Only a full read of this marvellous 542-page book can do it the justice it deserves that no review of mine can hope to achieve. Unplug the phone, shut out the English 'summer' and indulge yourself with Sophie in the warmth of her true life in a world so far apart from your own! She is a uniquely talented and individual person and this extraordinary work is to be deeply savoured and enjoyed. Tops on any scale of hugs and highly recommended by me as one of many here. The printed editions are to keep for ever.
Thank you so much, Sophie. Thanks also to Perry, Tamzin, and 'Mum and Dad'. I really look forward with great enthusiasm to the promised next instalment. Quite lovely!

Peter Bell on Ride the Wings of Morning


Sunday, 6 May 2012

Reviews and comments ~

Ride the Wings of Morning


What Sophie did next ~
Following her illness with ME/CFS, Sophie Neville travelled to South Africa to stay with a friend, and the different climate led to her rapid recovery. This book is the account of what she got up to over the following few years. Quite a startling mixture - horse safaris, travelling, painting, holiday management and media work in South Africa as it made the transition from Apartheid to full democracy.

It is presented in the form of letters (mostly) between her and her sisters, so the book uncovers the warmth of the relationships within the family, and is written with immediacy and freshness. Much other ground is also covered - the wildlife, plenty about horses and misbehaving cars, lively descriptions of the ex-pat and local workers and tourists, a vivid sense of the locations that Neville is writing about. The book also includes as illustrations many of the pictures she drew. In the meantime, the way in which the lives of Tamzin and Perry unfold in Europe is another story.

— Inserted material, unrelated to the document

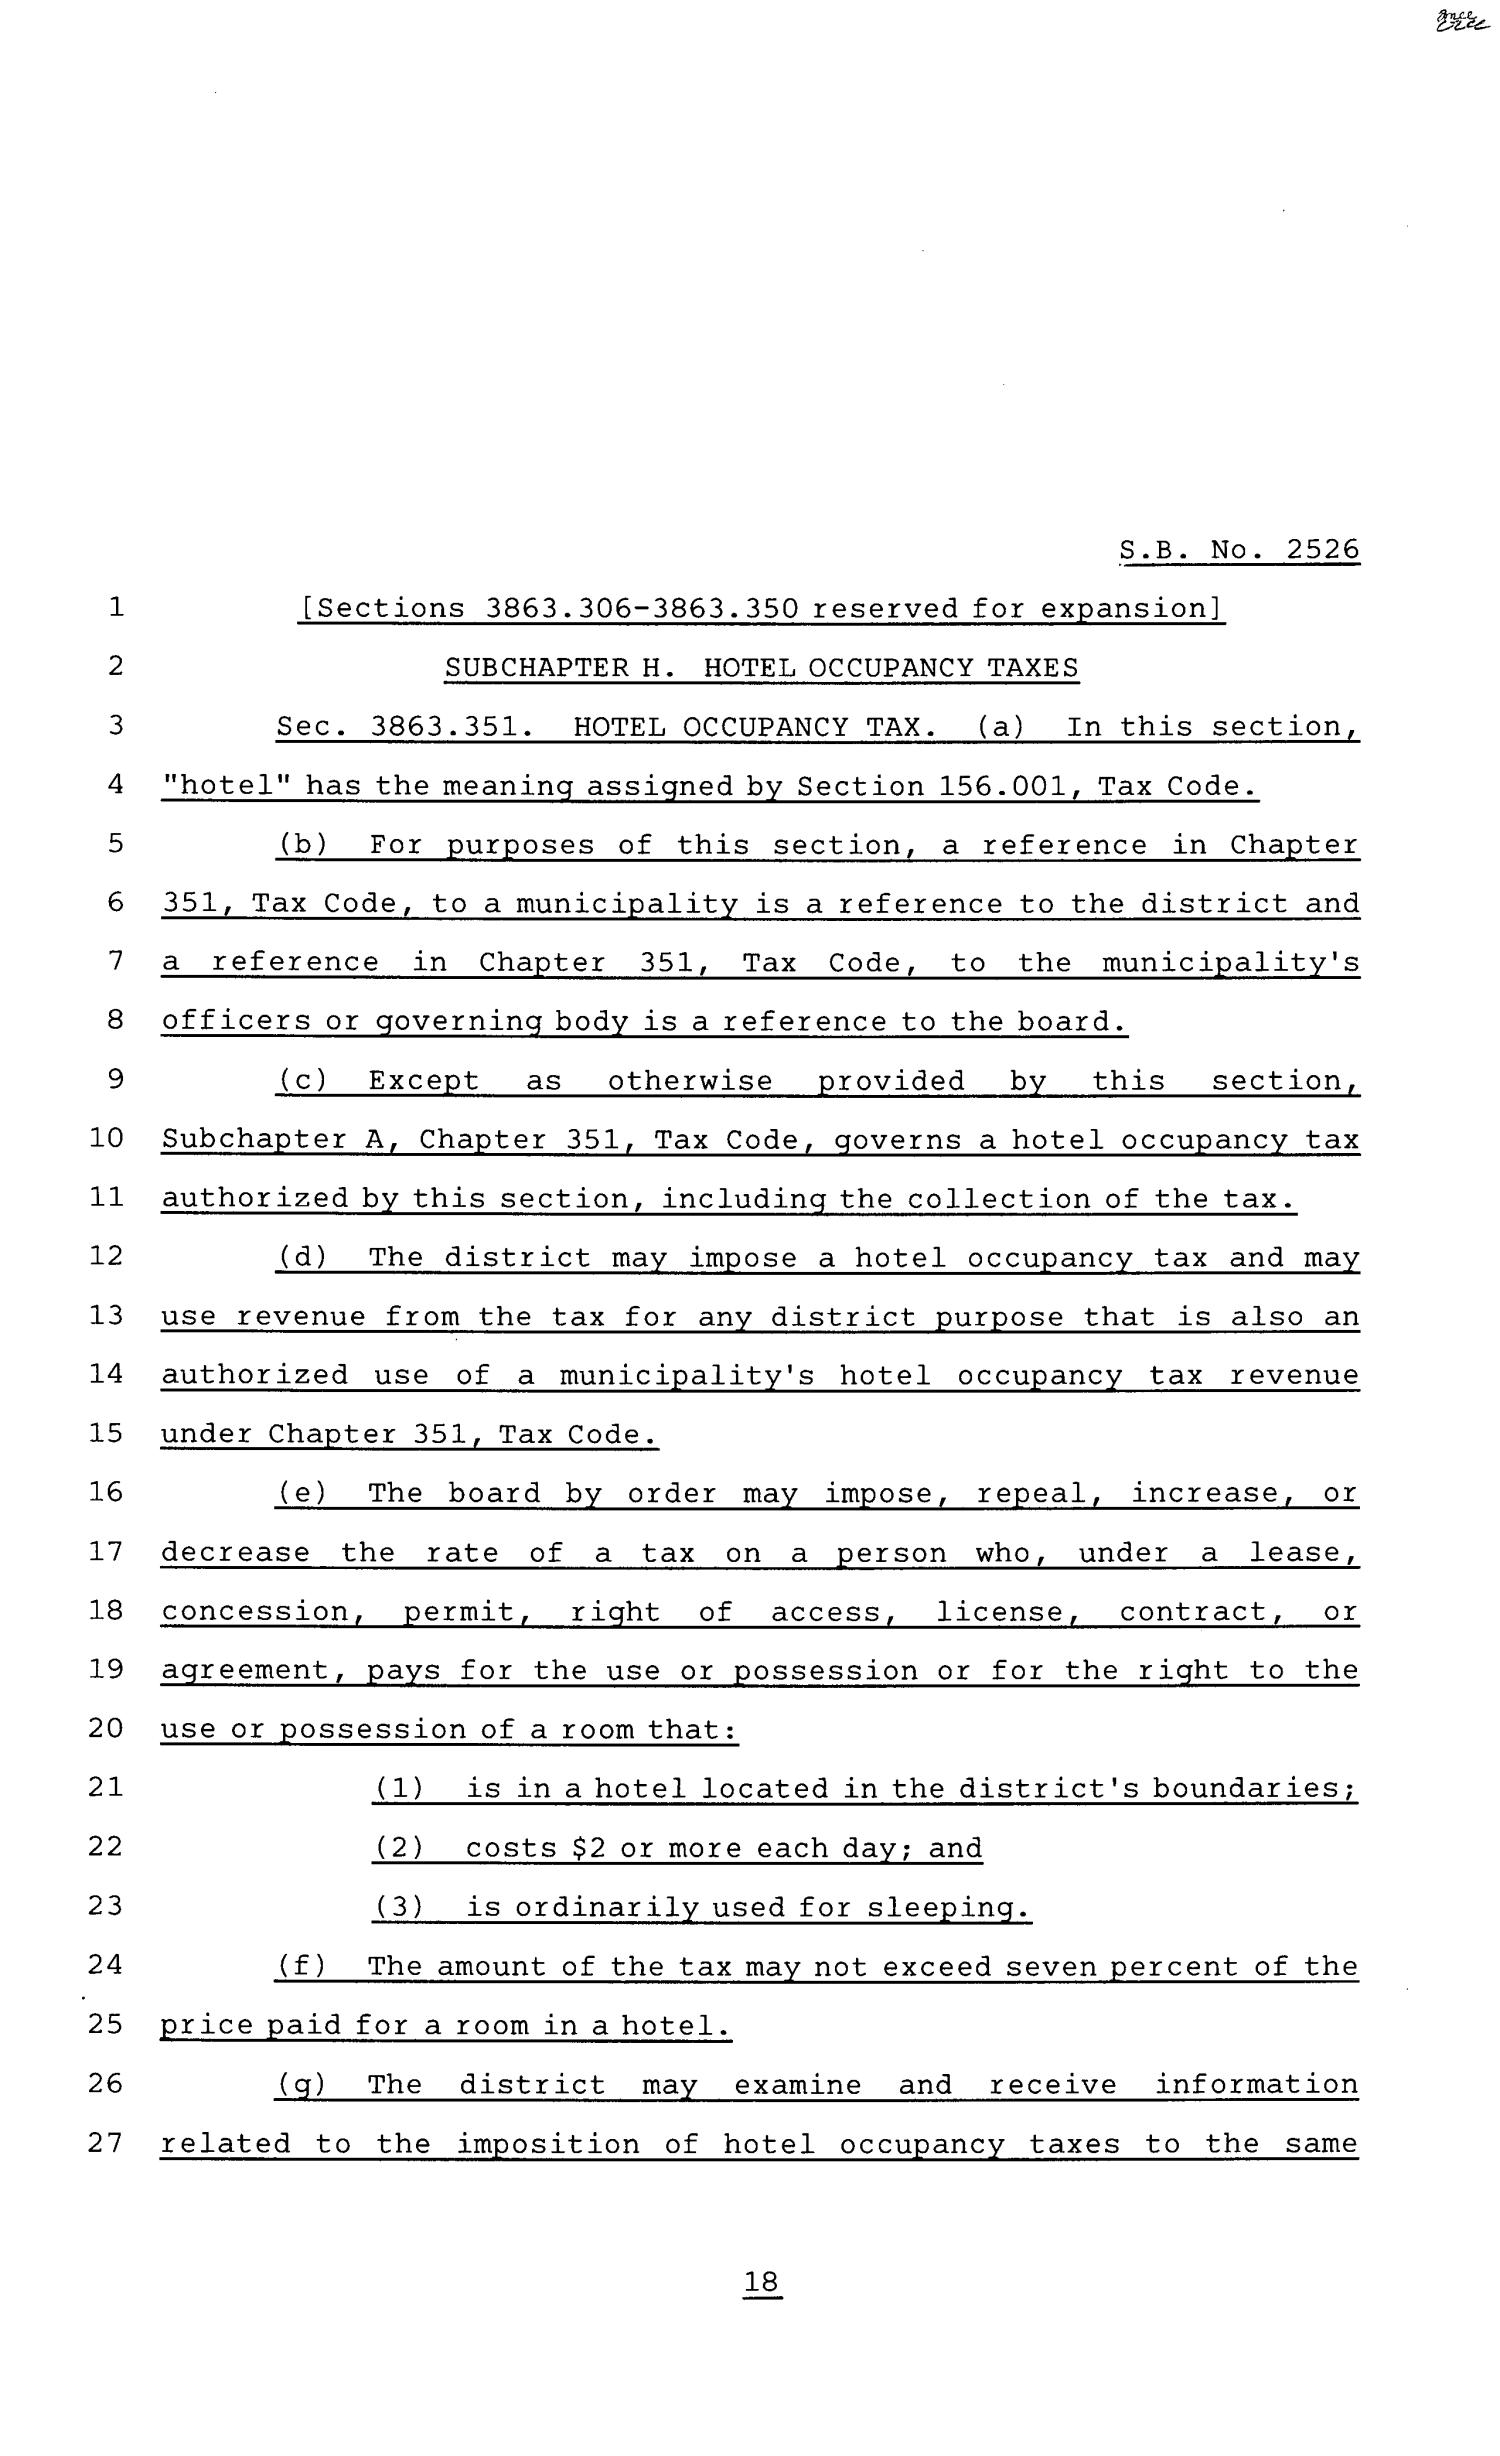 81st Texas Legislature, Senate Bill 2526, Chapter 883
                                                
                                                    [Sequence #]: 18 of 33

As with Funnily Enough, this was a book I really hadn't expected to be engaged by - but I was. Thoroughly recommended. P. M. Fernandez



'This is gorgeous work Sophie, you have a real gift for drawing people into your wonderful adventure in a real and intimate way. I feel almost as if I had been there with you. Great work! ‘ Skye Wieland, Queensland, Australia

‘I am reading your book now on Kindle about your time in Africa and I love it! What a sense of humor you and your family have!’ Allen Hunt

‘I love how you’ve captured your journey with sketches and watercolour paintings.’



'I am  loving your book. Your mother sounds like a riot! Love the mama donkey work!’ Kate Coleridge, writing from Cape Town.